The adversarial vulnerability of deep neural networks (DNNs) has attracted great attention (Szegedy et al., 2014; Goodfellow et al., 2015; Papernot et al., 2016; Carlini & Wagner, 2017; Madry et al., 2018; Athalye et al., 2018) . It has been demonstrated that the prediction of state-of-the-art DNNs can be arbitrarily altered by adding perturbations, even imperceptible to human eyes, to their inputs. Threat models concerning adversarial examples can be divided into white-box and black-box ones according to the amount of information (of victim models) being exposed to the attacker.
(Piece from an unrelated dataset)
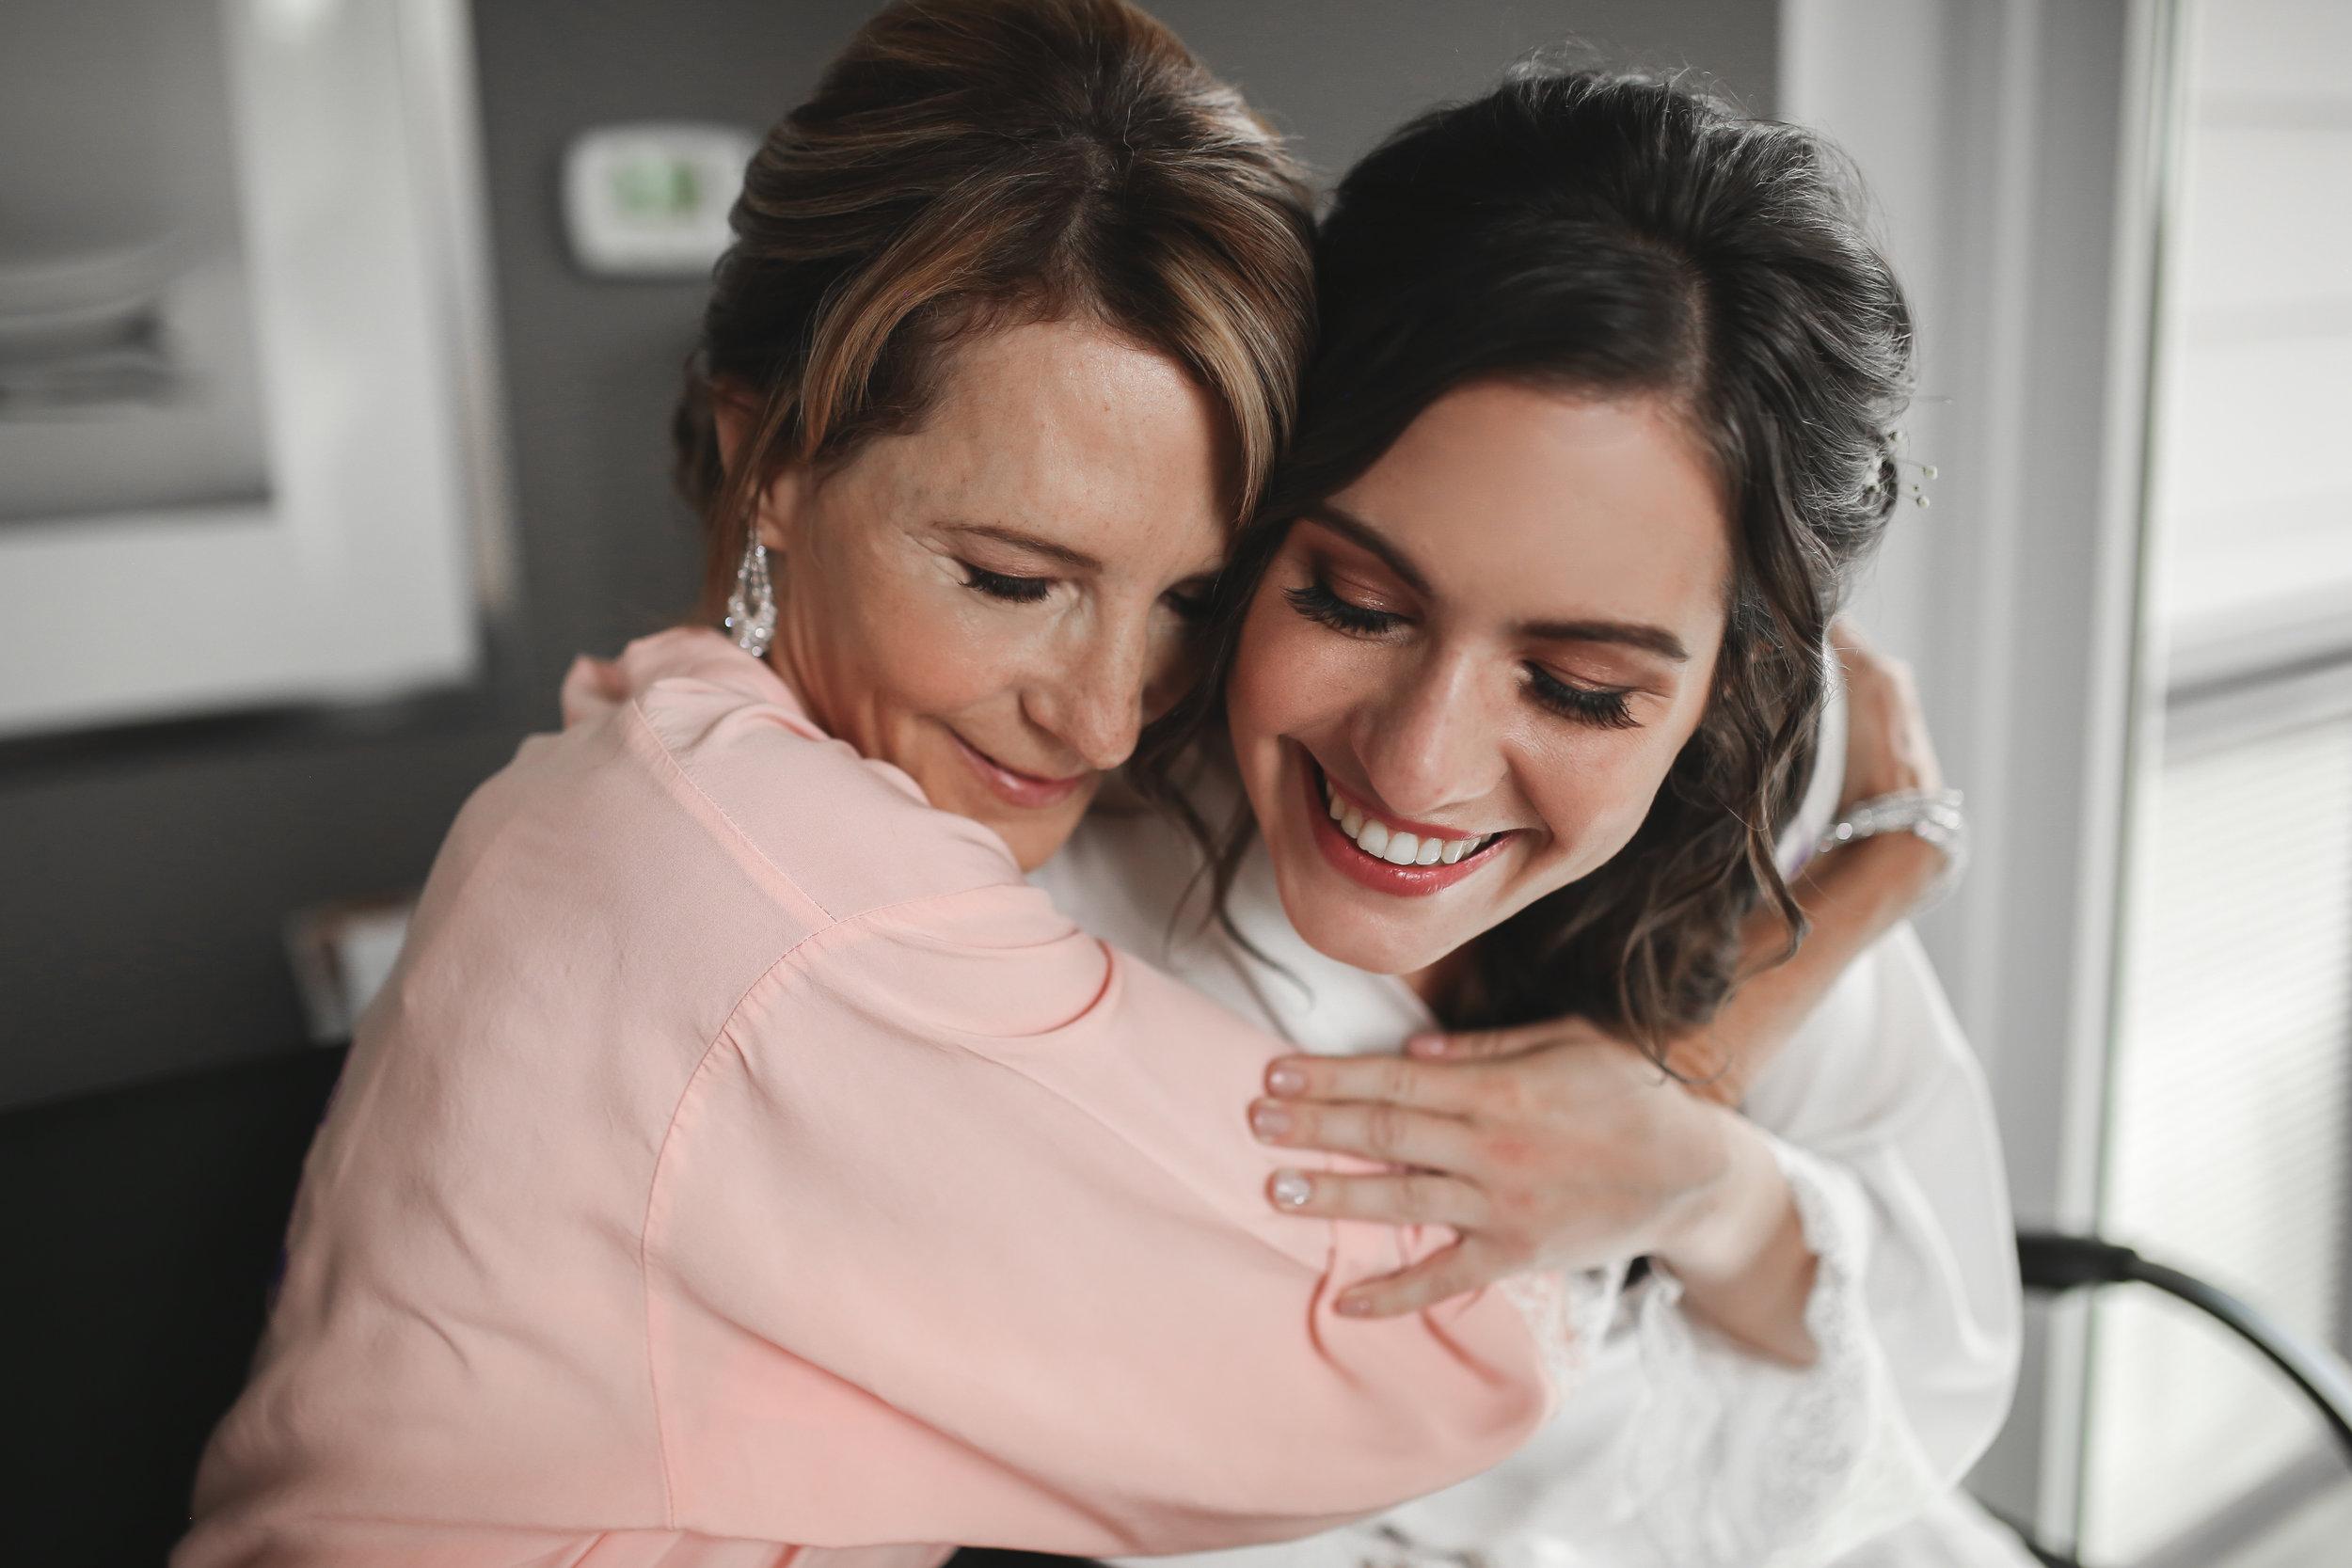 Adam Ziorio Photography - Allison & Austin's Wedding.jpg

In blackbox attacks, where the attacker can hardly get access to the architecture and parameters of the victim model, the transferability of adversarial examples is often relied on, given the fact that adversarial examples crafted on a substitute model can sometimes fool other models as well. However, such methods also suffer from considerable failure rate when the perturbation budget is small. Thus, much recent effort has been devoted to improving the black-box transferability of adversarial examples, and a variety of transfer-based attacks have been proposed. Assuming that the substitute model was pre-trained and given, most of the recent research focused only on improving the backpropagation process when issuing attacks, yet little attention has been paid to possible training or finetuning of the substitute model. In this paper, we shall focus more on the training process, and for which we advocate to perform in a Bayesian manner, in order to issue more powerful transfer-based attacks. By introducing probability measures to weights and biases of the substitute model, all these parameters are represented under assumptions of some distributions to be learned. In this way, an ensemble of infinitely many DNNs (that are jointly trained in our view) can be obtained from a single run of training. Adversarial examples are then crafted by maximizing average prediction loss over such a distribution of models, which is a referred to as posterior learned in the Bayesian manner. Experiments on attacking a variety of CIFAR-10 (Krizhevsky & Hinton, 2009) and ImageNet (Russakovsky et al., 2015) victim models have been performed, and we show that the proposed method outperforms state-of-the-arts considerably. Moreover, our method can be conjugated with existing methods easily and reliably for further improving the attack performance.